Submitted to: Canadian Journal of Microbiology
Publication Type: Peer reviewed journal
Publication Acceptance Date: 5/16/2008
Publication Date: 12/18/2008
Citation: Alexander, N.J., Mccormick, S.P., Blackburn, J.A. 2008. Effects of Xanthotoxin Treatment on Trichothecene Production in Fusarium sporotrichioides. Canadian Journal of Microbiology. 54(12):1023-1031. Interpretive Summary: Fusarium sporotrichioides, a mold that can cause plant diseases and is found in nature, produces a mycotoxin that can enter and contaminate the food supply. This mycotoxin causes toxicoses in humans and animals which result in severe monetary loss to the growers and seed industry as well as the health industry. We are interested in reducing or eliminating these toxins from grains. In an effort to accomplish that goal, we are interested in understanding the biology of the fungus and the genes involved in mycotoxin production. We have developed a method for quantifying the expression of the mycotoxin-producing genes in this organism and have found that certain genes are up-regulated when the mold is exposed to plant-defense compounds. This will help us develop methods to increase the plant response to the invasion of the mold and thereby reduce the amount of disease as well as reduce the amount of toxin present in the harvested grains.
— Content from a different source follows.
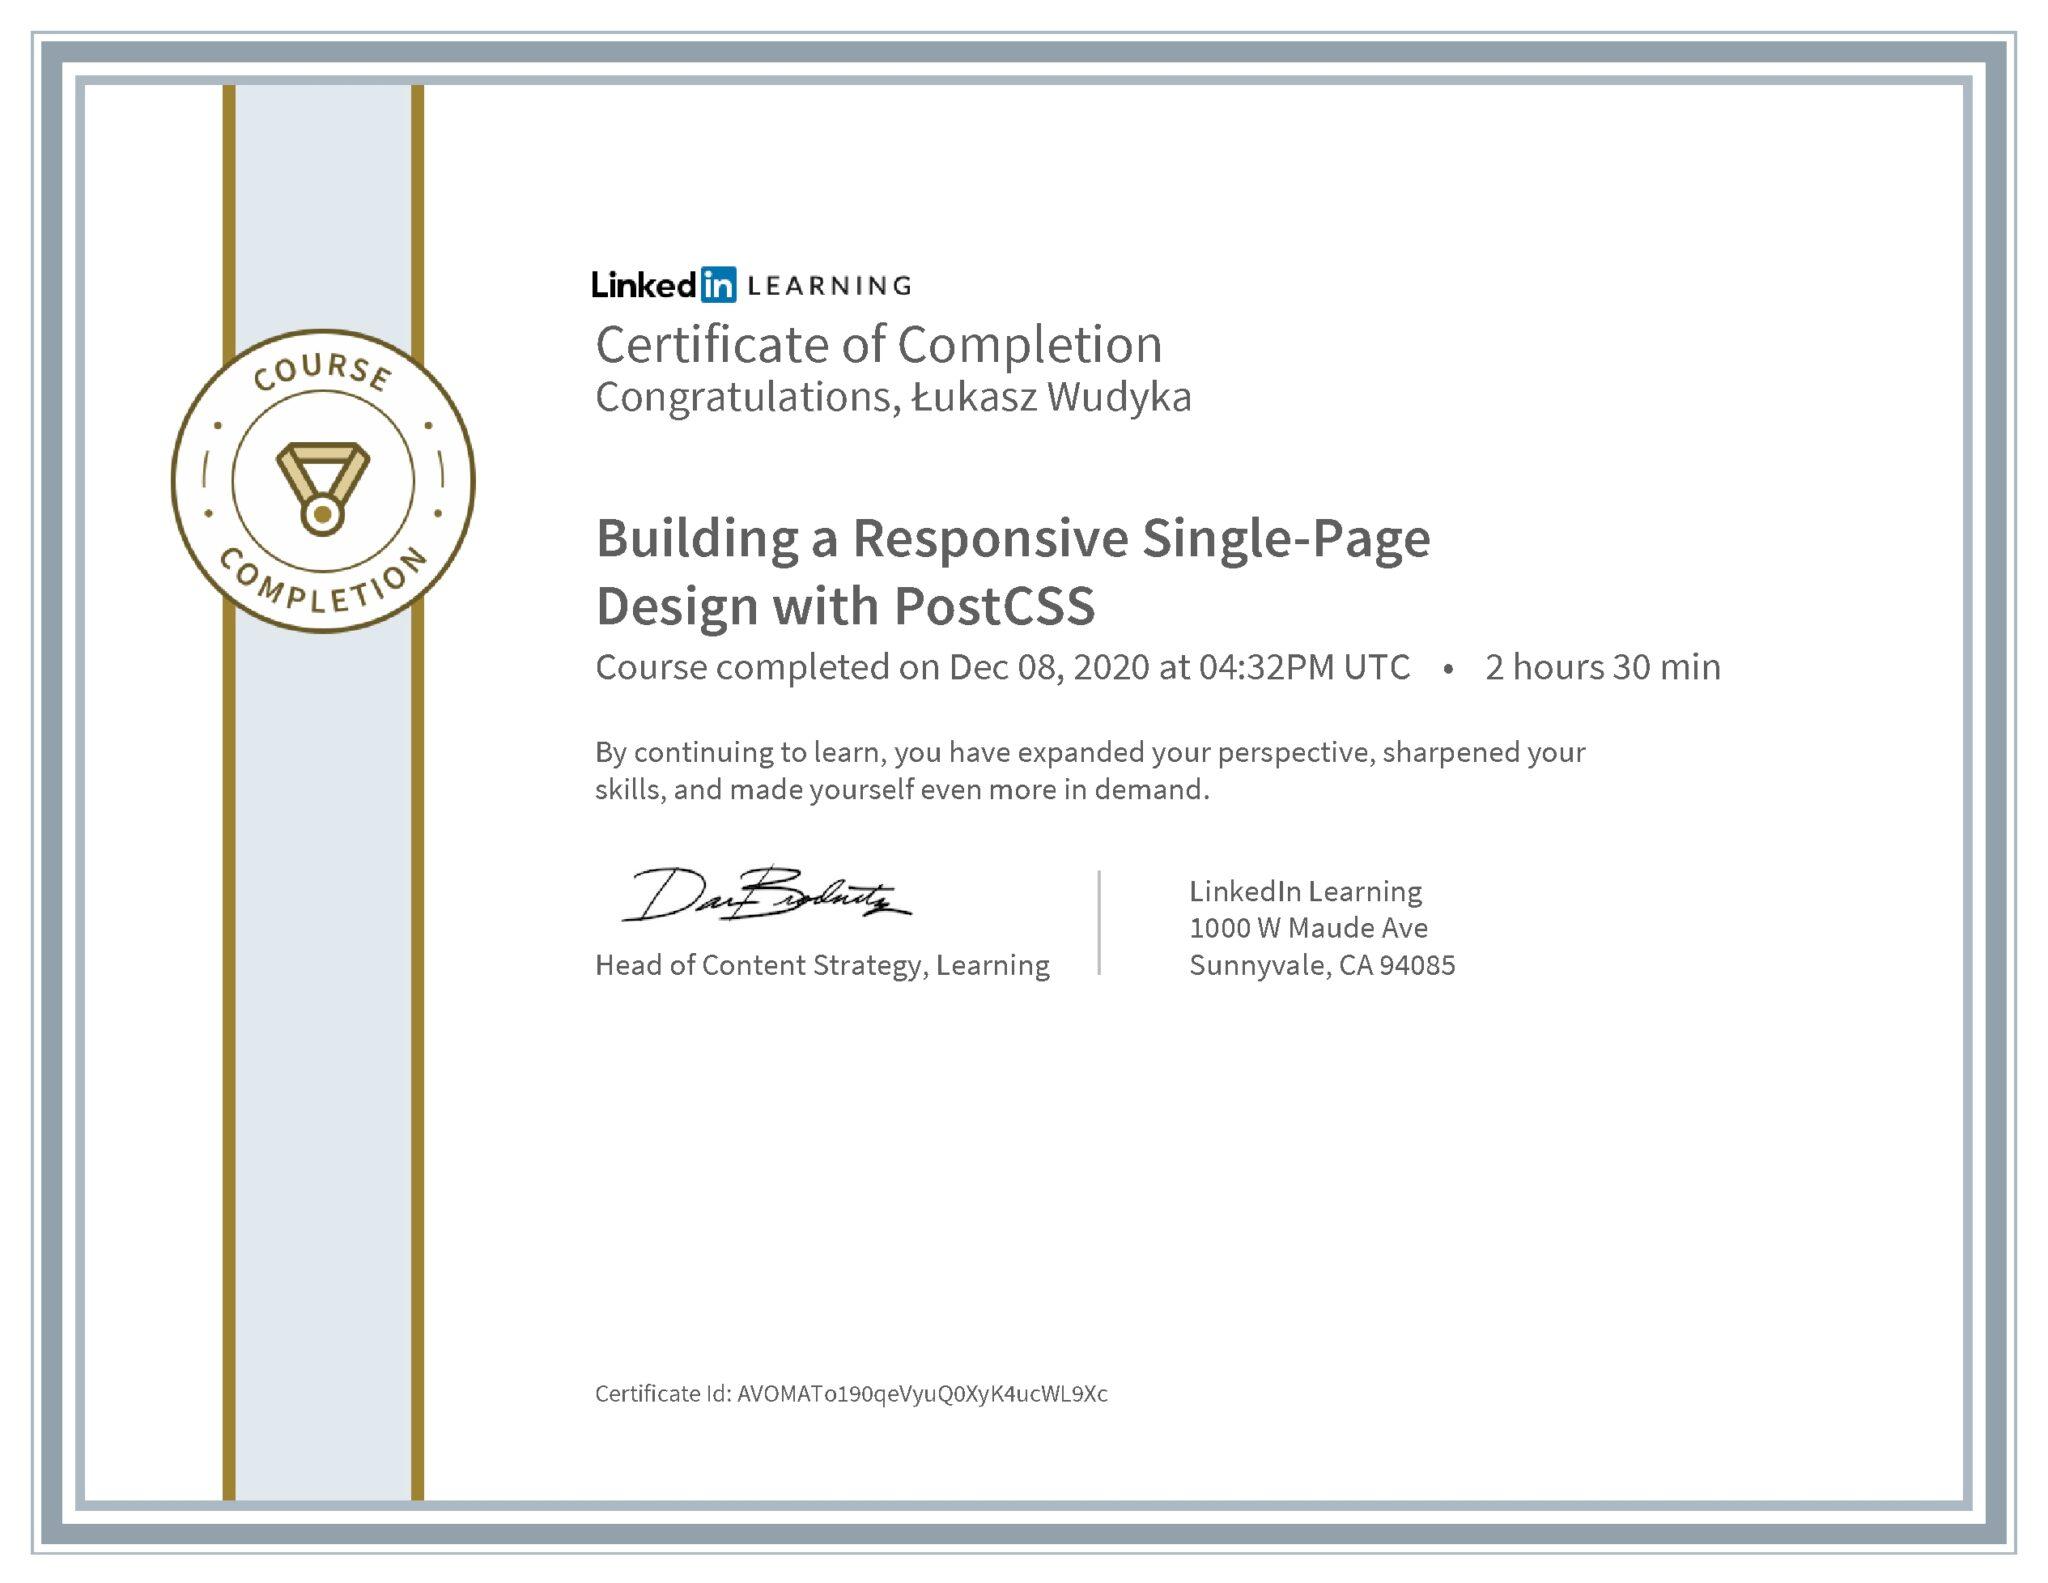 Łukasz Wudyka certyfikat LinkedIn Building a Responsive Single-Page Design with PostCSS
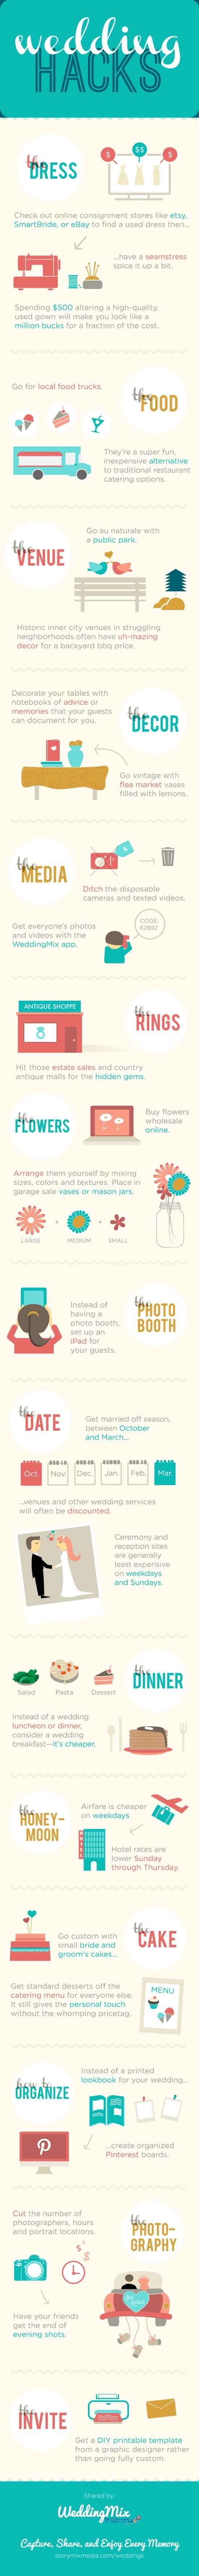 DIY Wedding Ideas | Cool Hacks for DIY Weddings on a Budget - cheap ideas and budget tips [ Infographic ] save money on wedding, frugal wedding ideas #wedding #frugal

Technical Abstract: There are four P450 oxygenases involved in the biosynthesis of T-2 toxin in Fusarium sporotrichioides. Exactly how these enzymes react to antimicrobial plant defense compounds is unknown. Xanthotoxin (8-methoxypsoralen), a phototoxic furanocoumarin, is a P450 oxygenase inhibitor. A previous study showed that addition of 1.5 mM xanthotoxin to liquid cultures of Fusarium sporotrichioides NRRL3299 caused a loss of T-2 toxin production and an accumulation of trichodiene, the hydrocarbon precursor of trichothecenes and the substrate for the P450 oxygenase encoded by Tri4. The current study confirmed that addition of lower concentrations of xanthotoxin could effectively block T-2 toxin production and cause an increased accumulation of trichodiene. Addition of xanthotoxin to liquid cultures of a trichodiene-accumulating F. sporotrichioides Tri4 mutant caused a three to ten fold increase in trichodiene accumulation, suggesting that xanthotoxin not only blocks trichothecene oxygenation reactions, but may in some way also promote the synthesis of trichodiene. Feeding studies using wild-type and mutant F. sporotrichioides strains showed that two of the four P450 oxygenases, TRI4 and TRI1, were more sensitive to xanthotoxin. The two remaining oxygenases, TRI11 and TRI13, were unaffected by 1.0 mM xanthotoxin. Quantitative reverse transcriptase polymerase chain reaction (qRT-PCR) indicated that several of the genes in the toxin biosynthetic pathway were up-regulated by xanthotoxin with Tri4 showing the highest (1.4 fold) increase in expression. These results indicate that while xanthotoxin inhibits specific P450 oxygenase activity it also has a significant effect on gene expression.